_Exercise_.
All of the data below must be reproduced word for word, but without its images.

_Data segment_.
#####

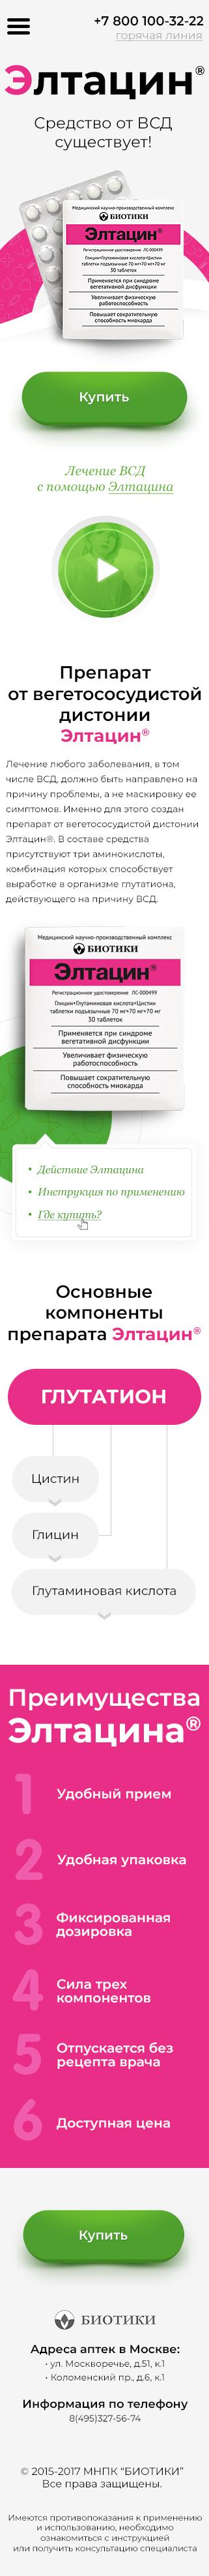 Дизайн главной страницы сайта лекарственного препарата фото f_0735c88cfc025835.jpg
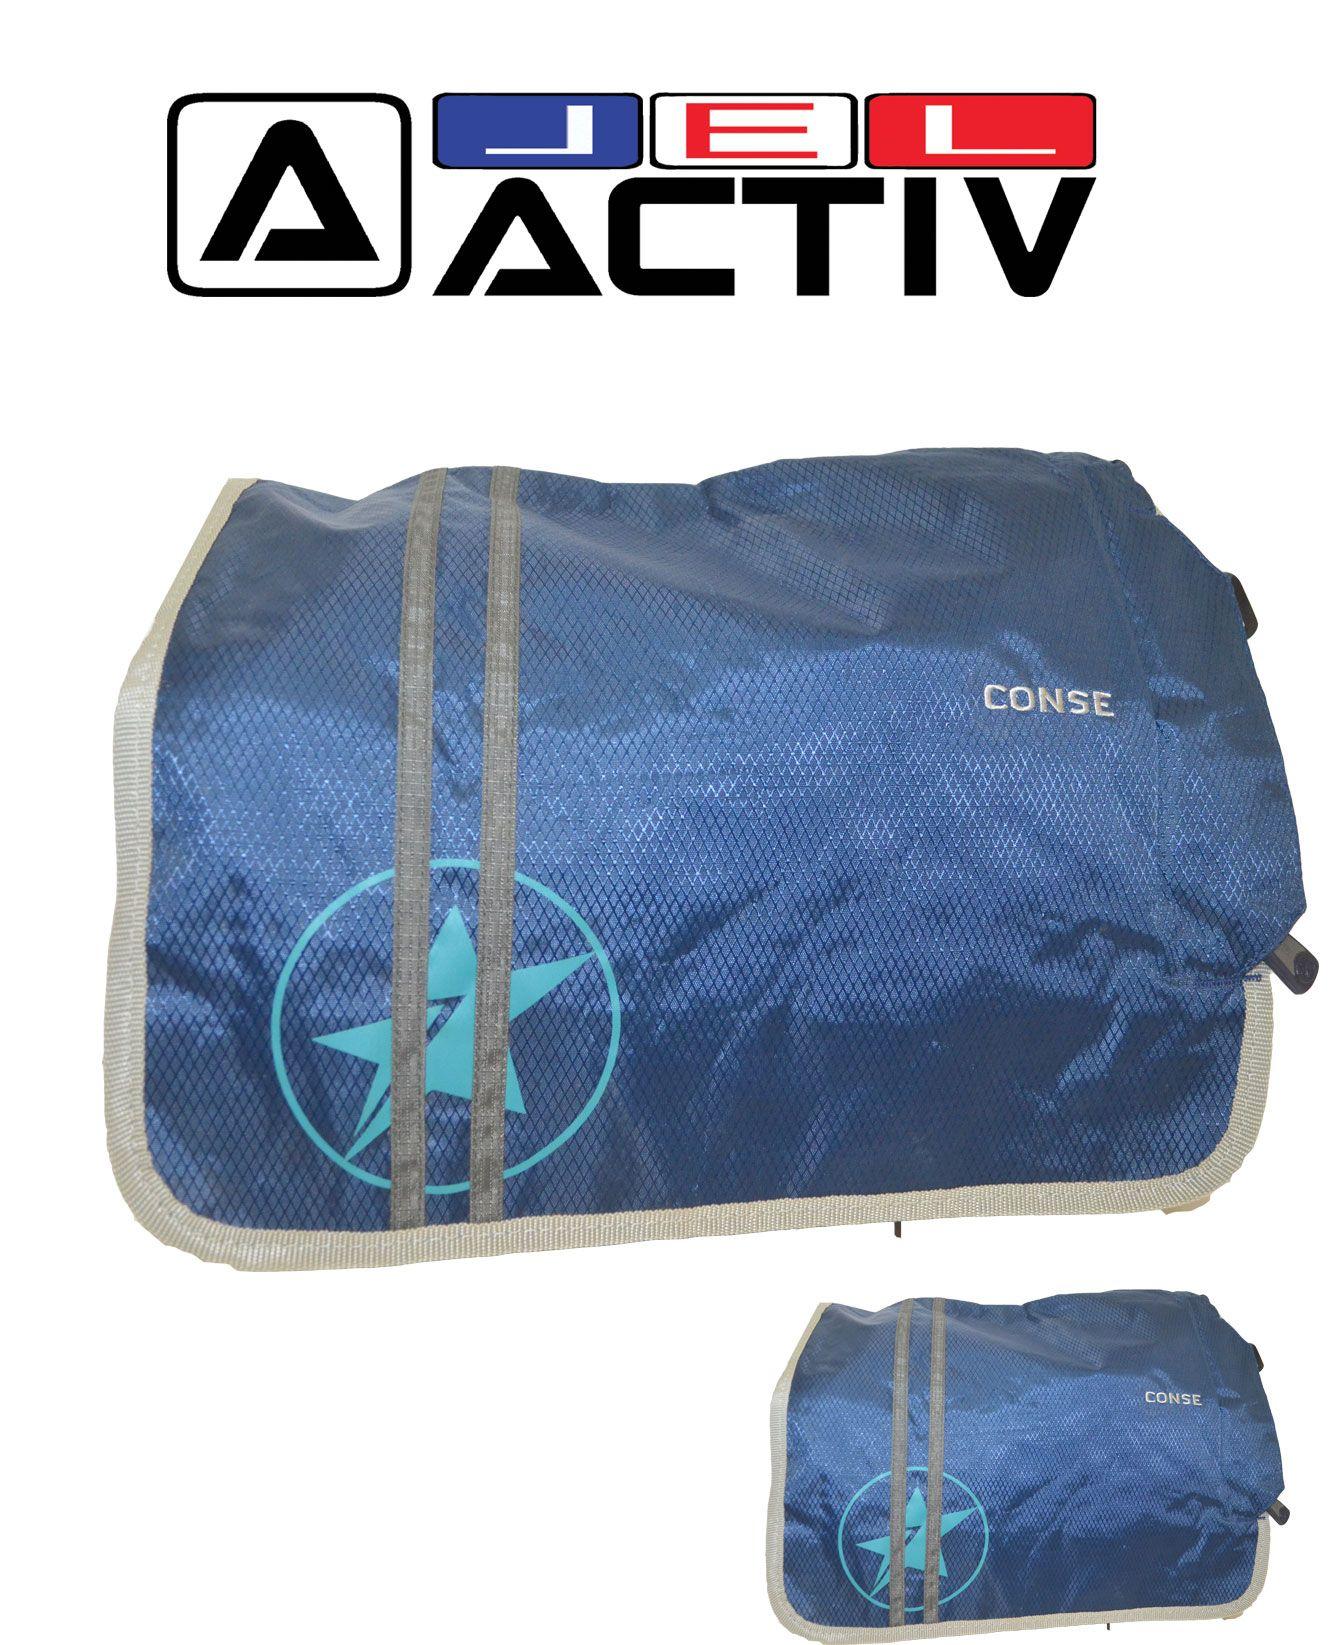 تخفيض كبير على موديلات الشنط من اكتف فى جميع الفروع السعر 50 بدلا من 100 جنيه Gym Bag Duffle Bag Bags
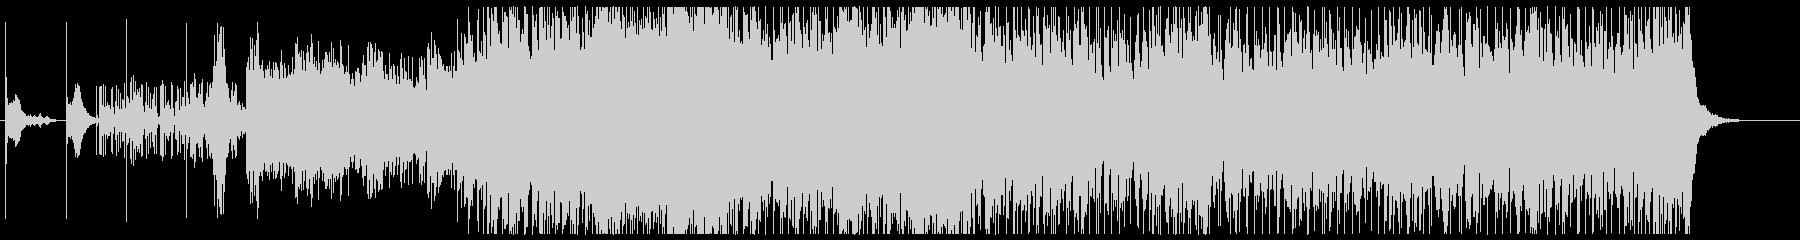 ダーク&クールなオーケストラロックの未再生の波形
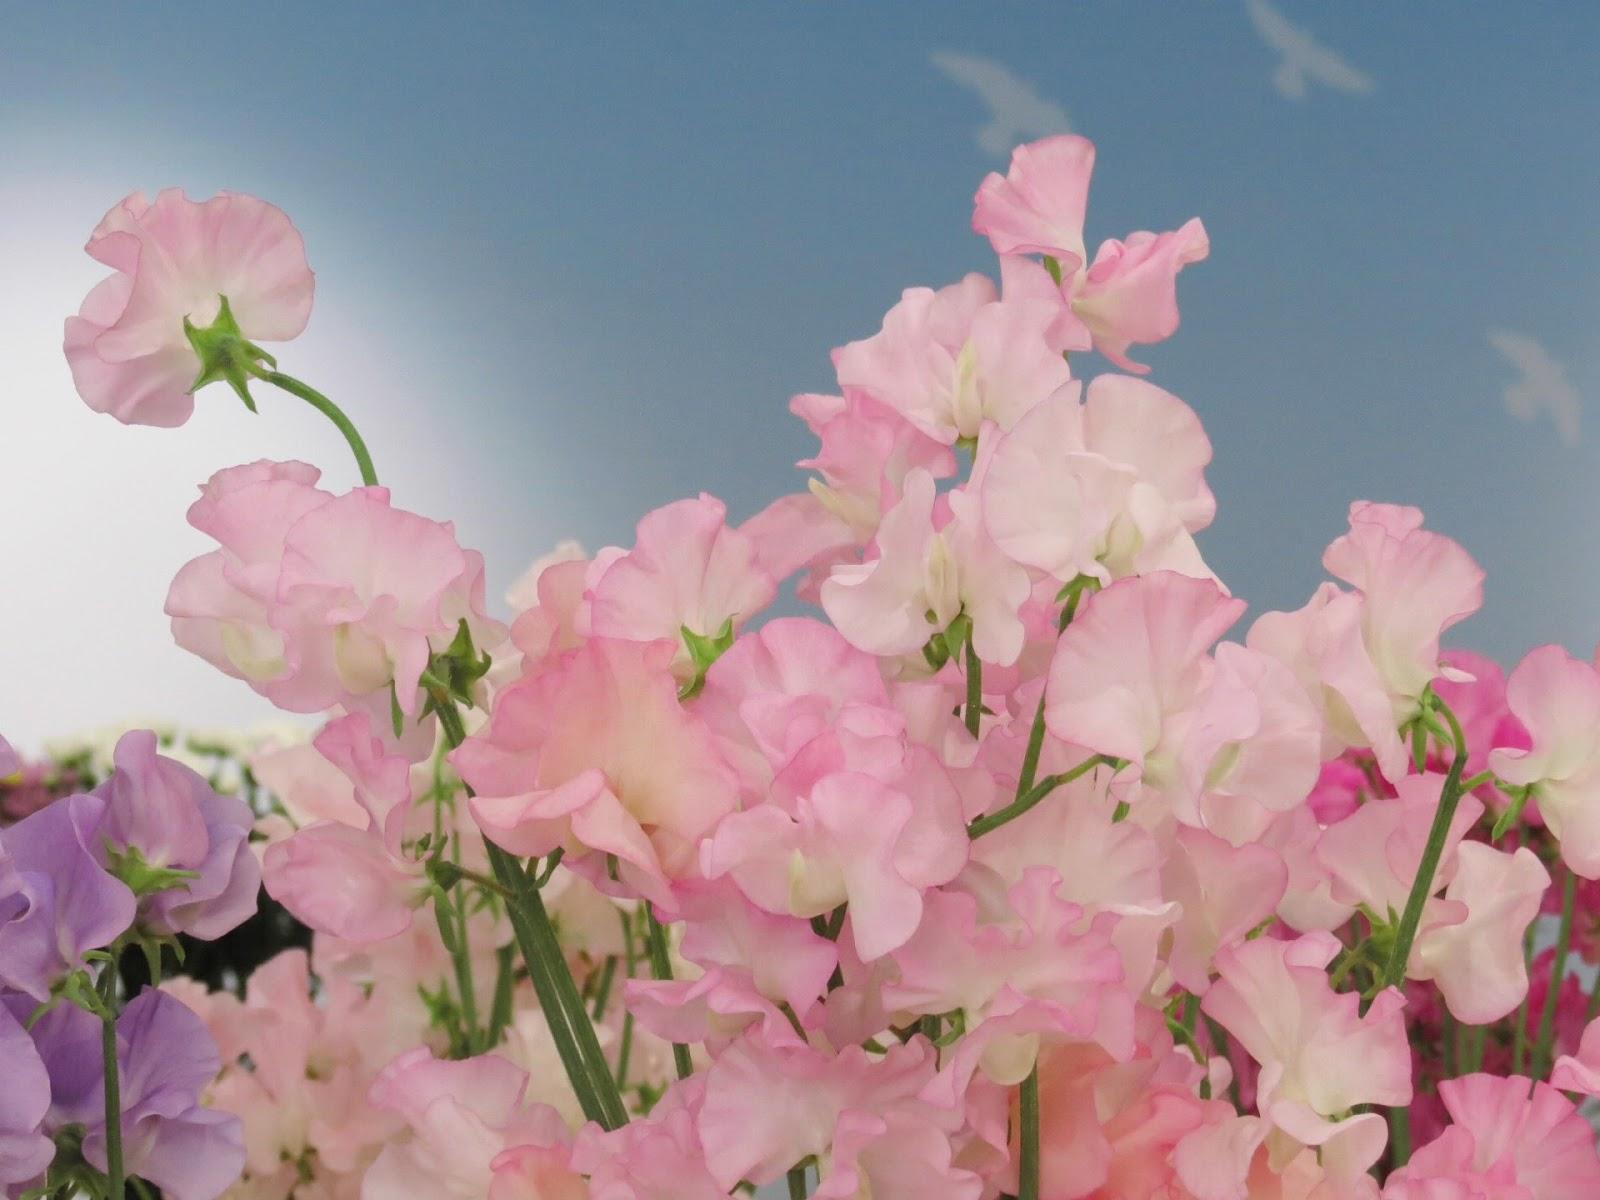 BANCO DE IMÁGENES: Nuevos Paisajes Con Flores Para

#####

_Result_.
 Дизайн главной страницы сайта лекарственного препарата фото f_0735c88cfc025835.jpg
 تخفيض كبير على موديلات الشنط من اكتف فى جميع الفروع السعر 50 بدلا من 100 جنيه Gym Bag Duffle Bag Bags
 ダーク&クールなオーケストラロックの未再生の波形
 BANCO DE IMÁGENES: Nuevos Paisajes Con Flores Para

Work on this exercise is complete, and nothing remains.